-- Exercise --
All records, minus the pictures: write them out exactly.

————————

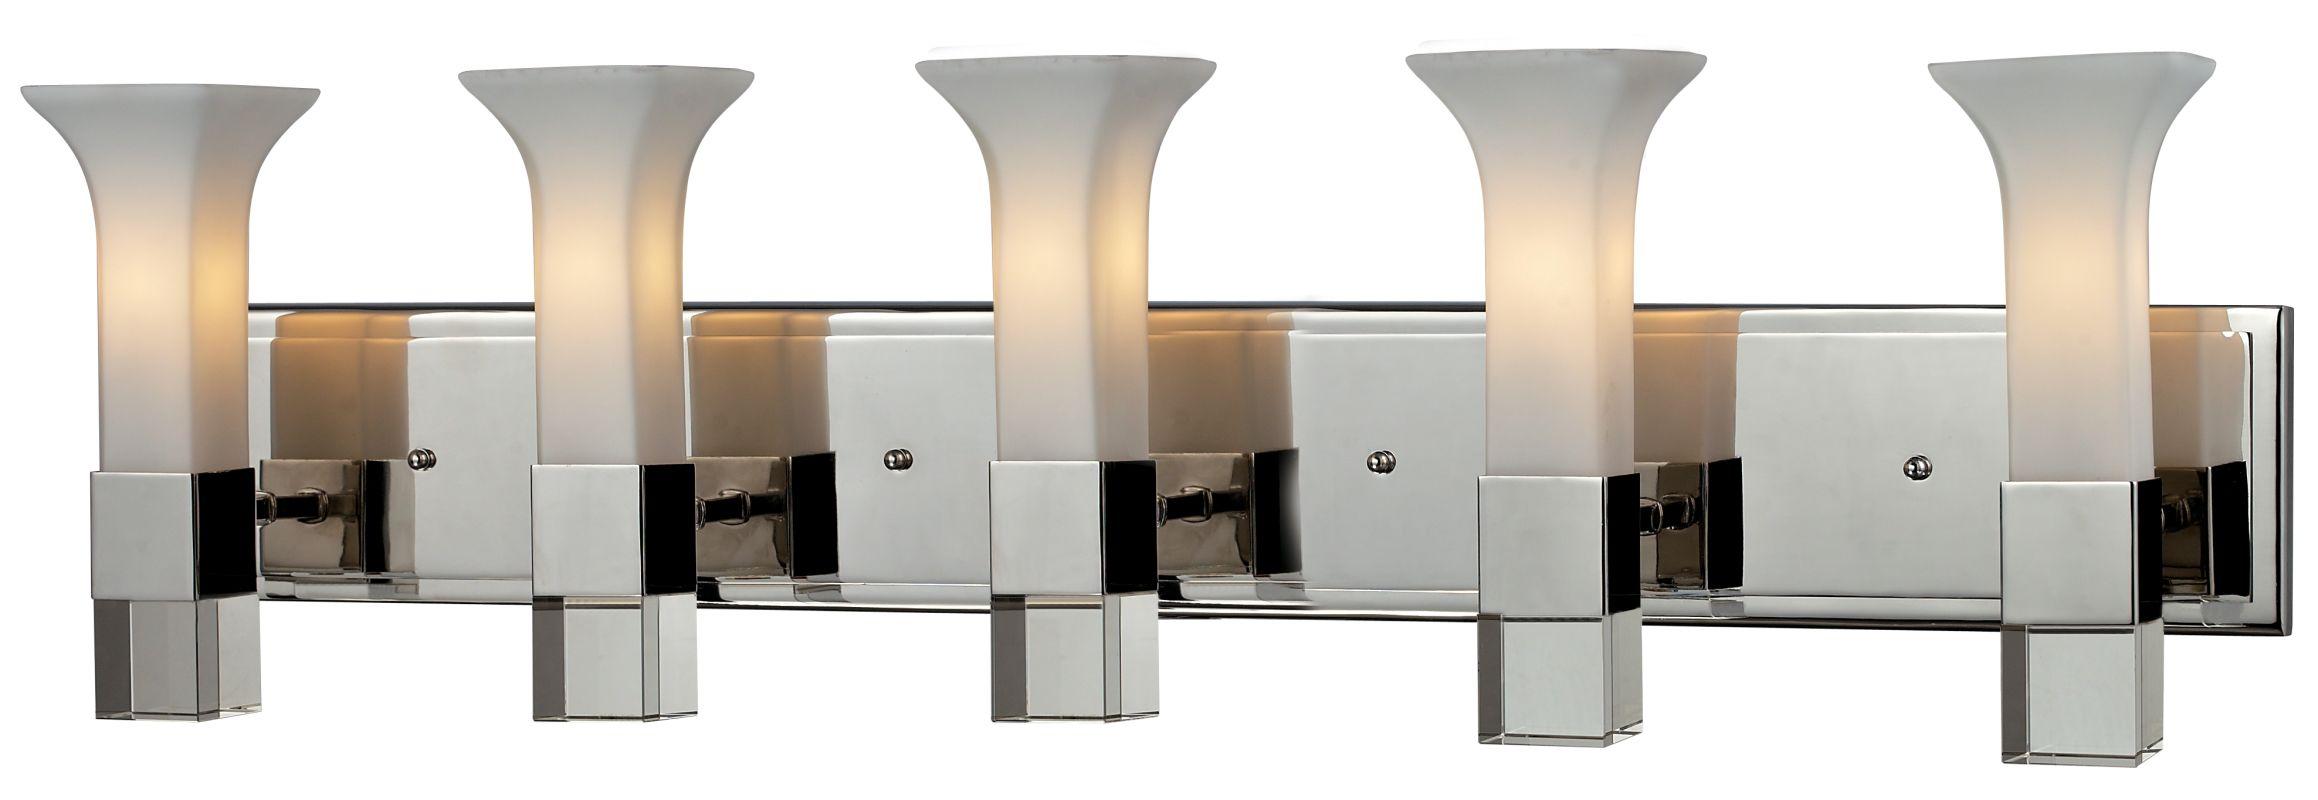 Z-Lite 611-5V Lotus 5 Light Bathroom Vanity Light with Matte Opal
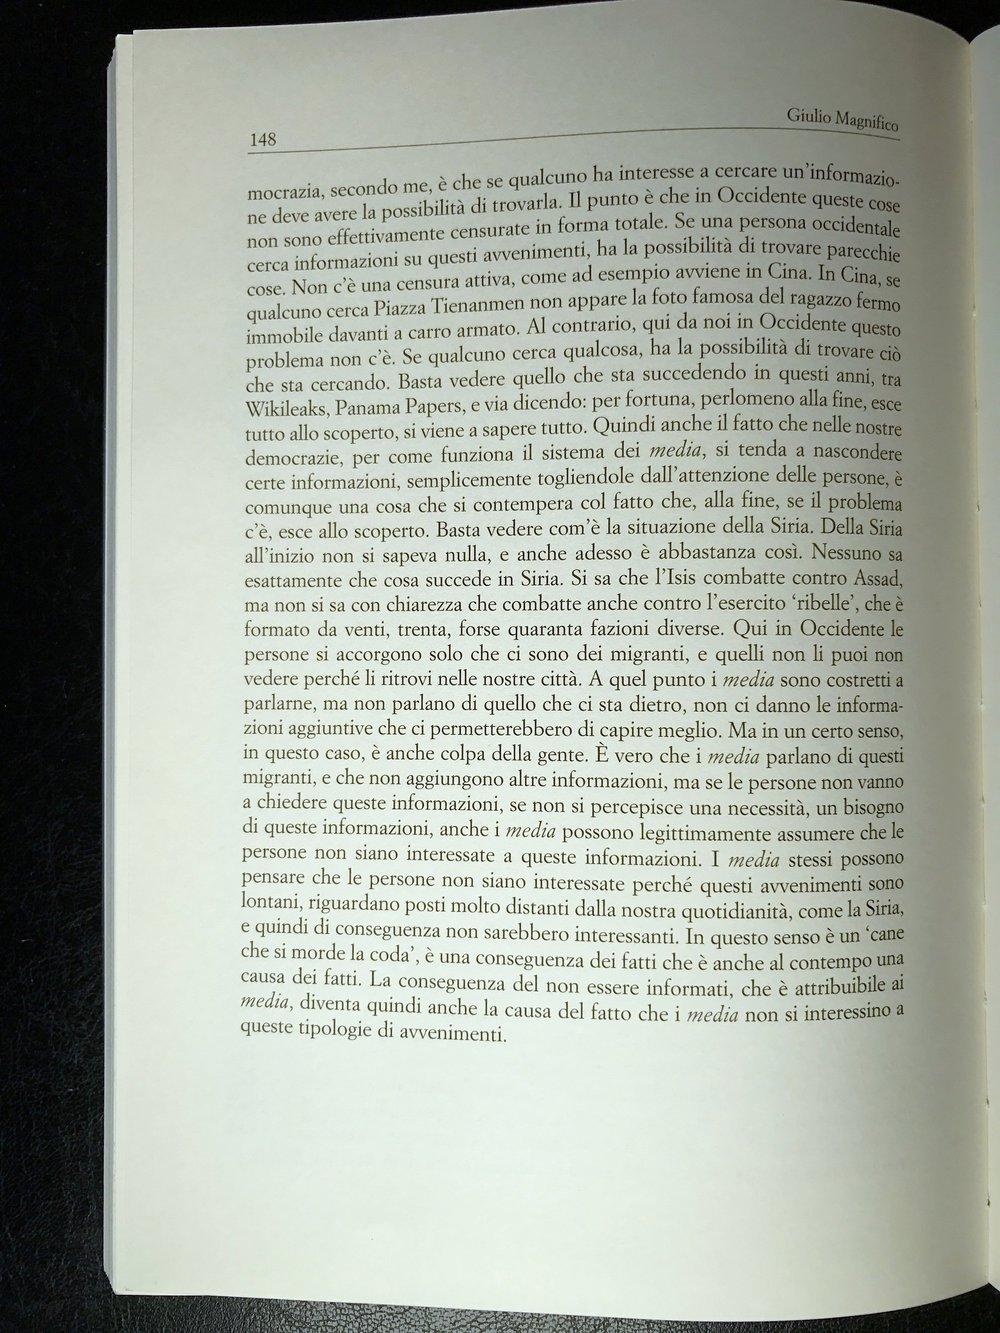 IMG_3865.JPG
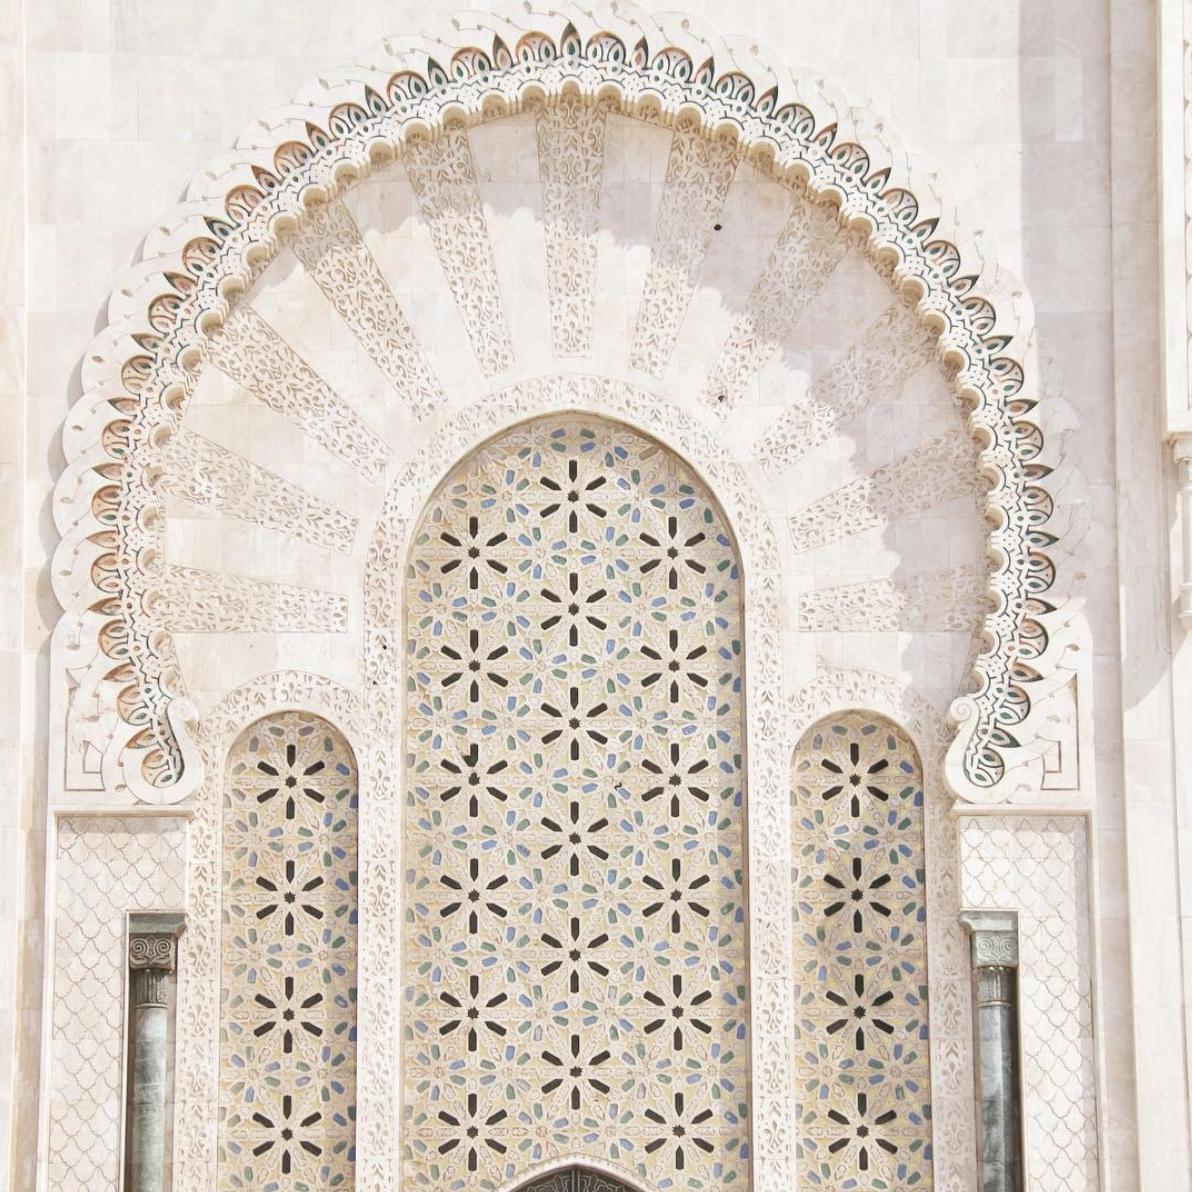 Travel Morocco Souk & Co.
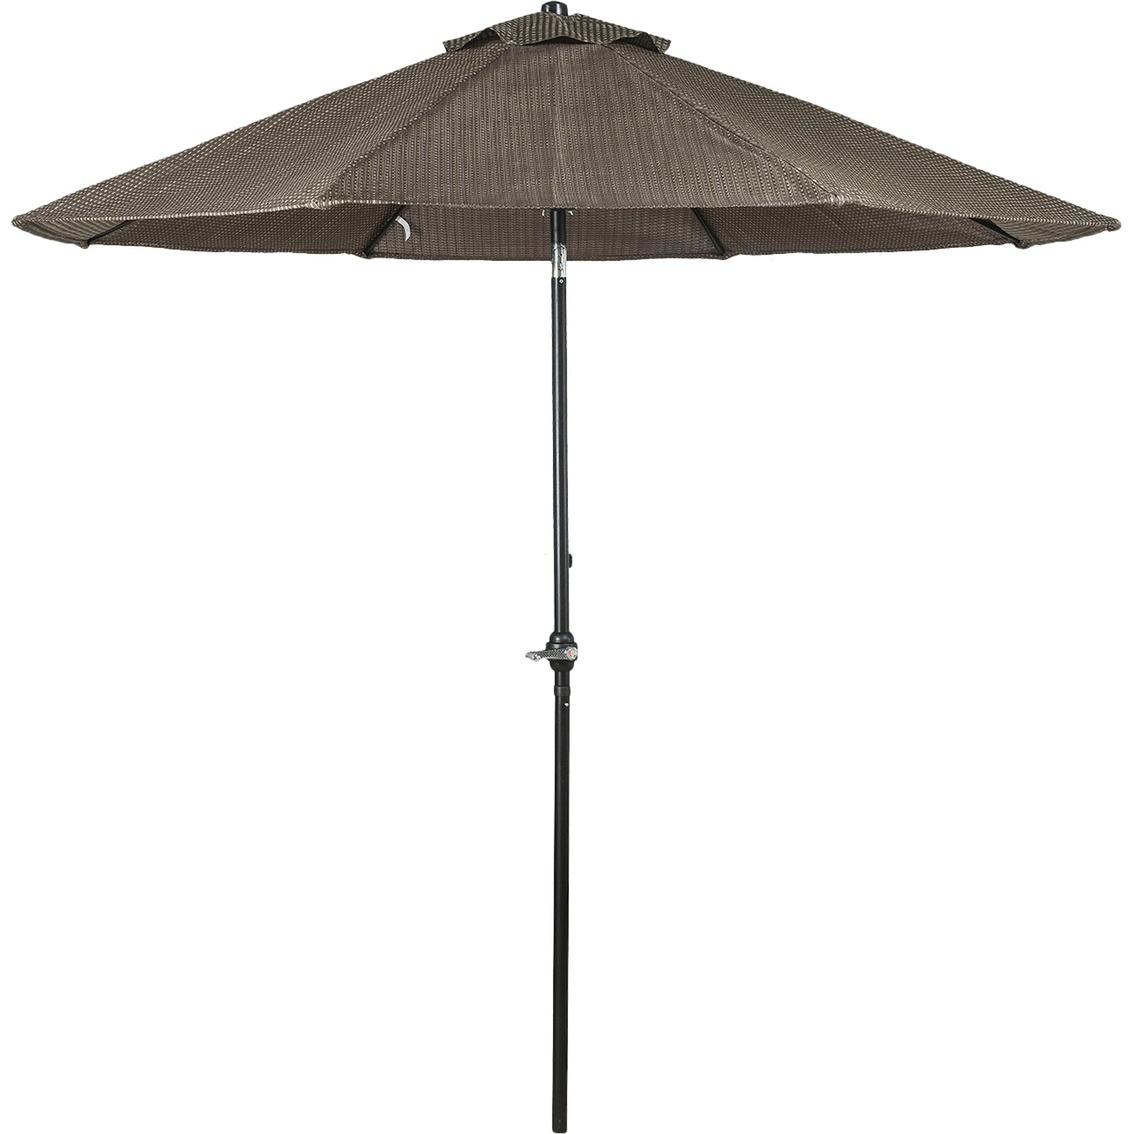 Courtyard Creations Sandpiper 8 Ft Sling Market Umbrella
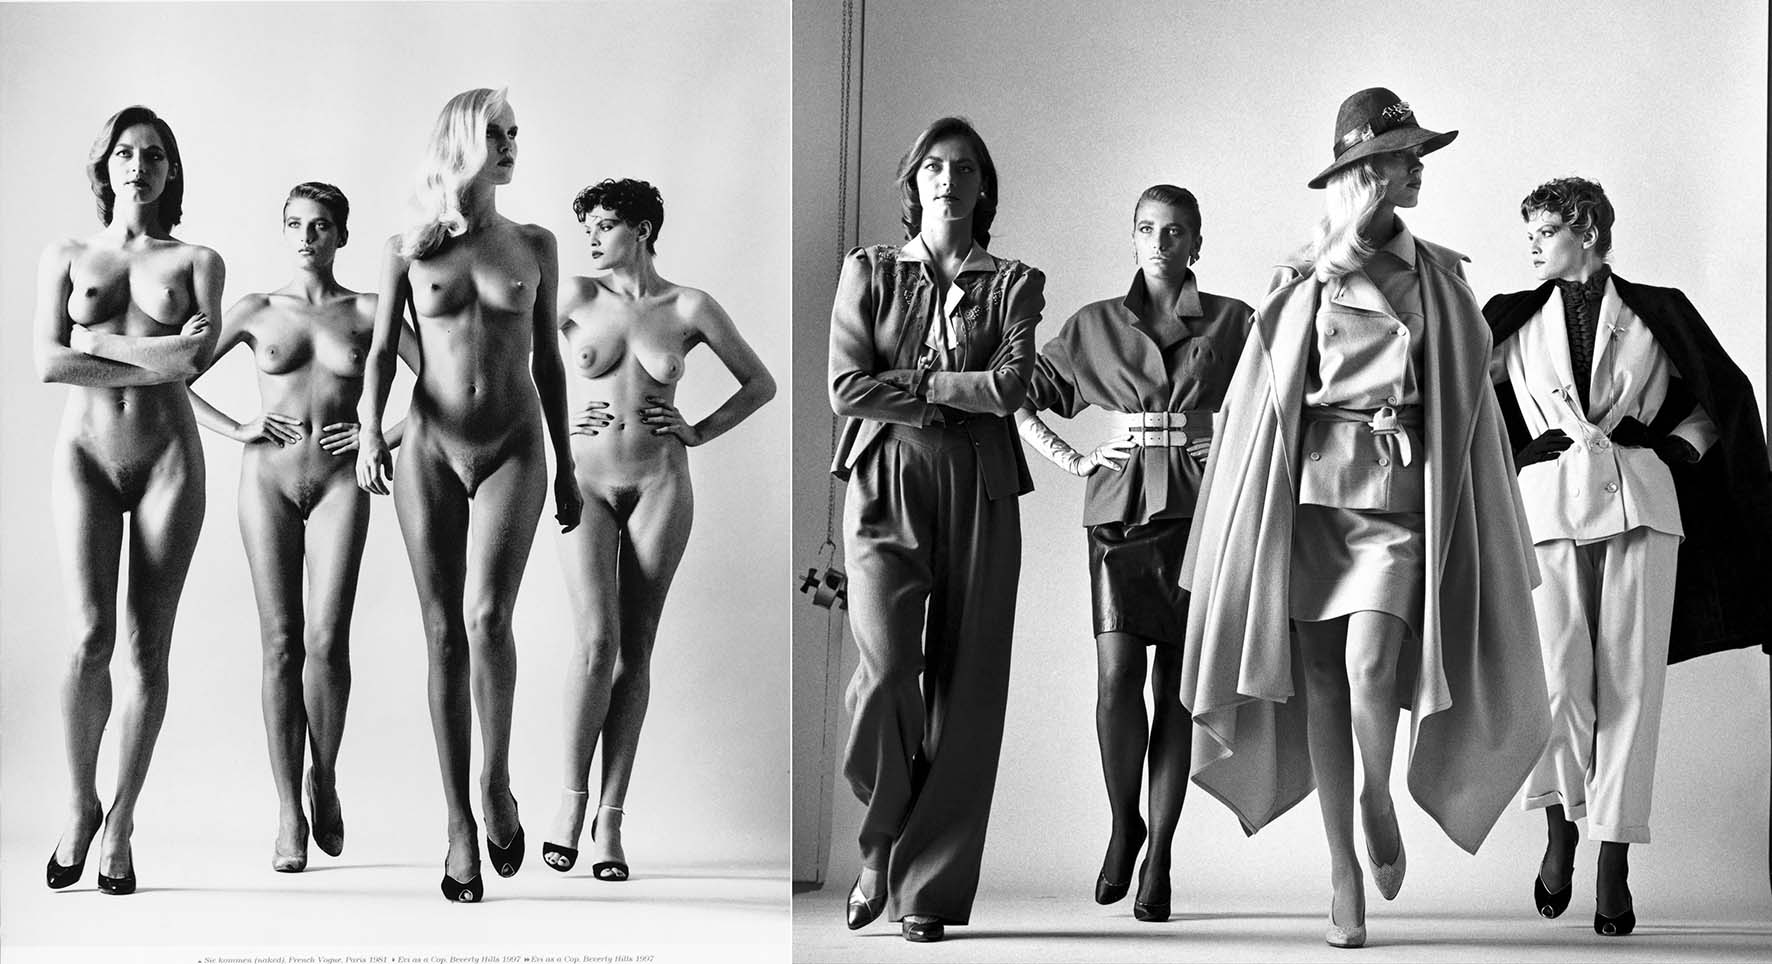 helmut newton siekommenn nude paris 1981

————————

-- Exercise solution --
 Z-Lite 611-5V Lotus 5 Light Bathroom Vanity Light with Matte Opal
 IMG_3865.JPG
 Travel Morocco Souk & Co.
 Courtyard Creations Sandpiper 8 Ft Sling Market Umbrella
 helmut newton siekommenn nude paris 1981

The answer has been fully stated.